Exercise goal: Retype, word for word, the line holding "Image explaining should" and every line below it to the end of the listing. Leave out the pictures.

Supplied data:
□ □ □ □

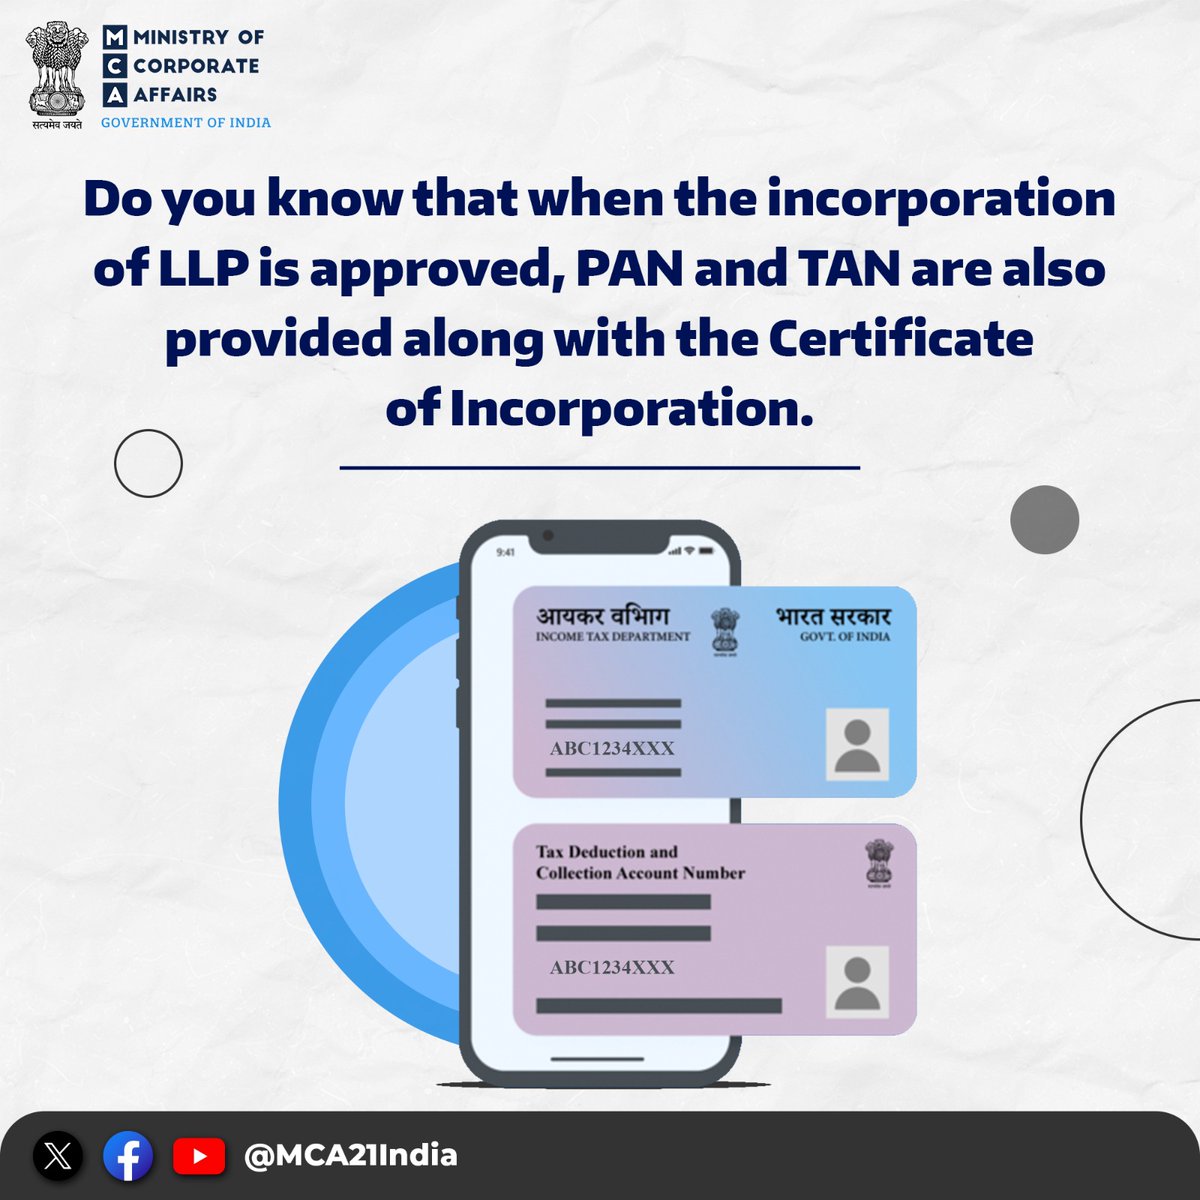 LLP incorporation – Do you know that alongside the Certificate of Incorporation, you also receive PAN and TAN for your venture? Simplifying the path to success, one detail at a time. #EaseOfDoingBusiness #LLP #Incorporation #PAN #TAN
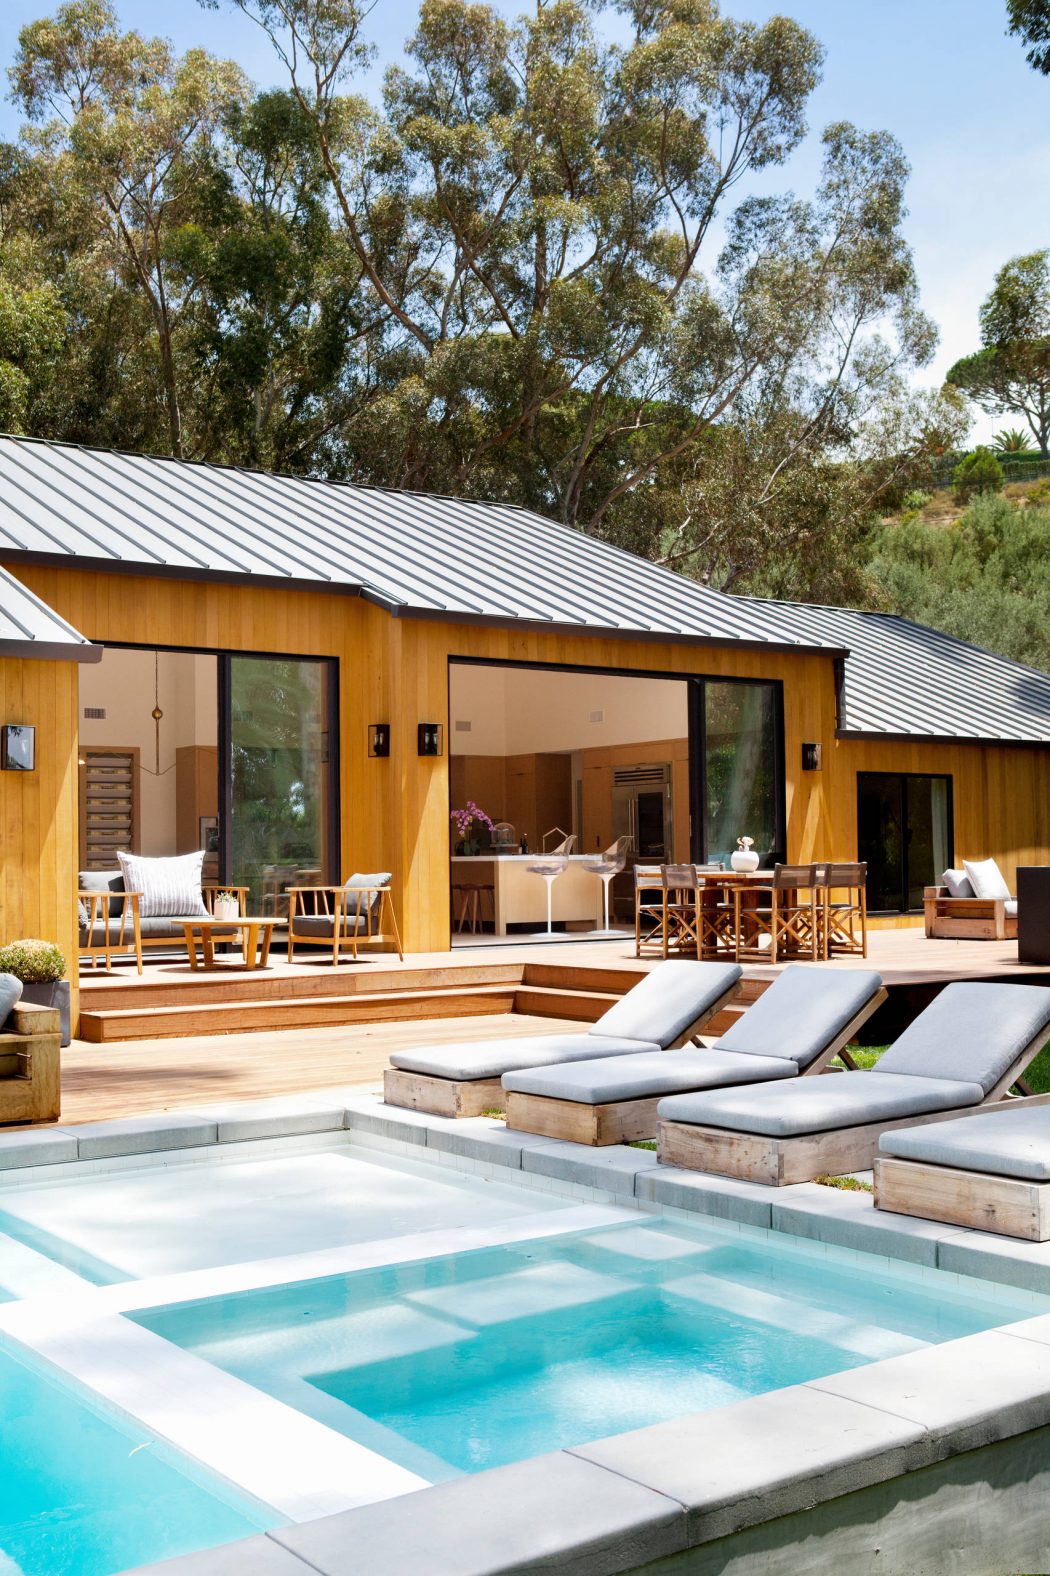 Modern wooden cabin with a sleek metal roof, surrounded by lush greenery and a tranquil pool.
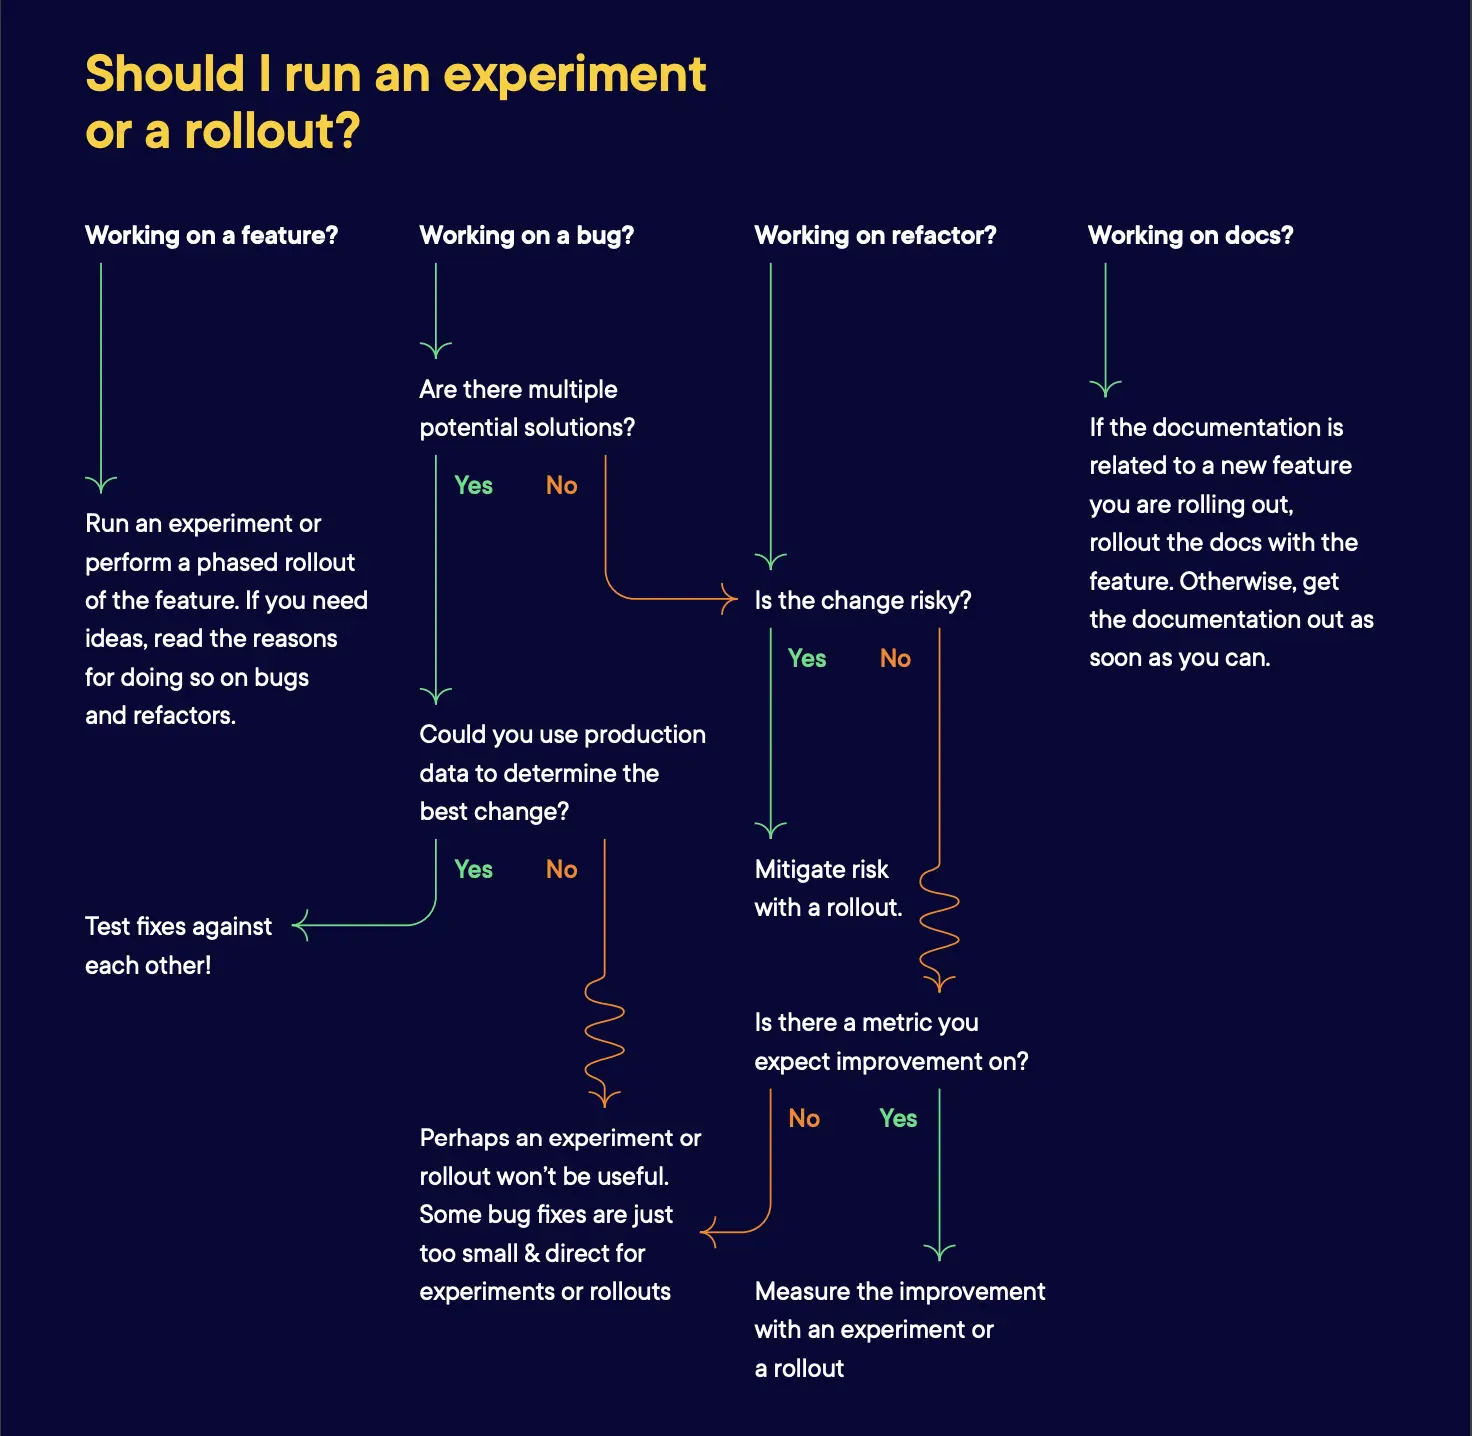 Image explaining should you run an experiment and do a roll out
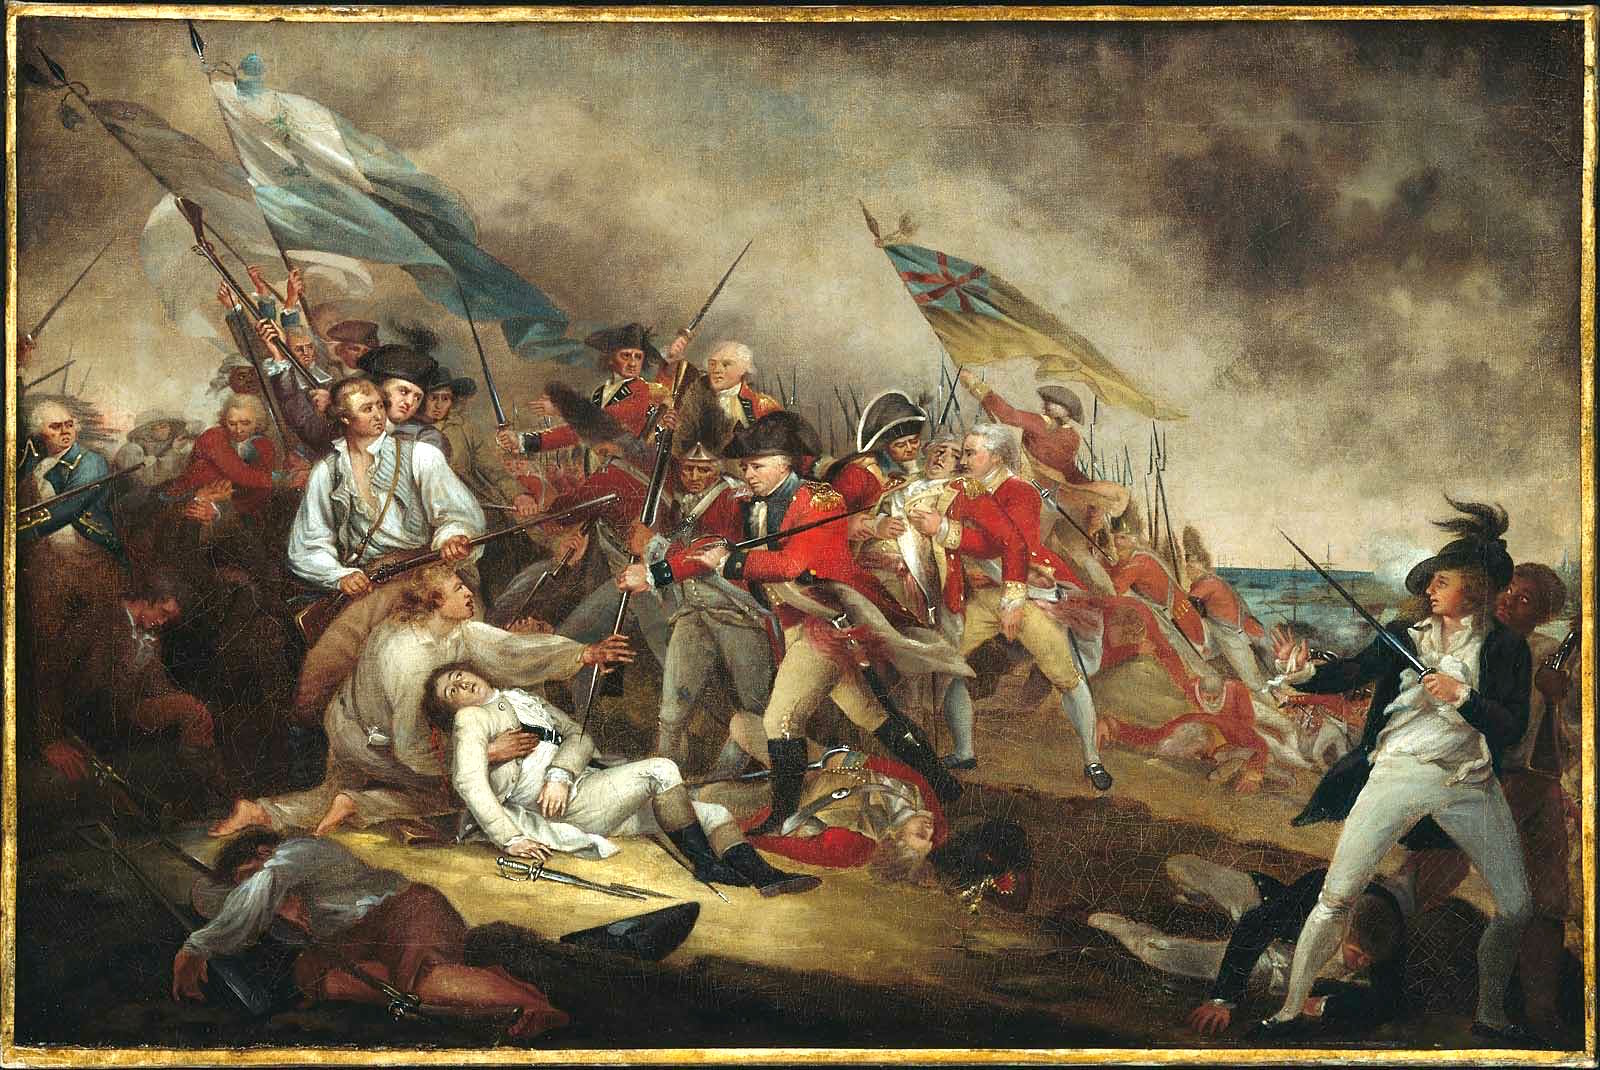 The Death of General Warren at the Battle of Bunkers Hill 01.jpg

□ □ □ □

Written answer:
 Image explaining should you run an experiment and do a roll out
 The Death of General Warren at the Battle of Bunkers Hill 01.jpg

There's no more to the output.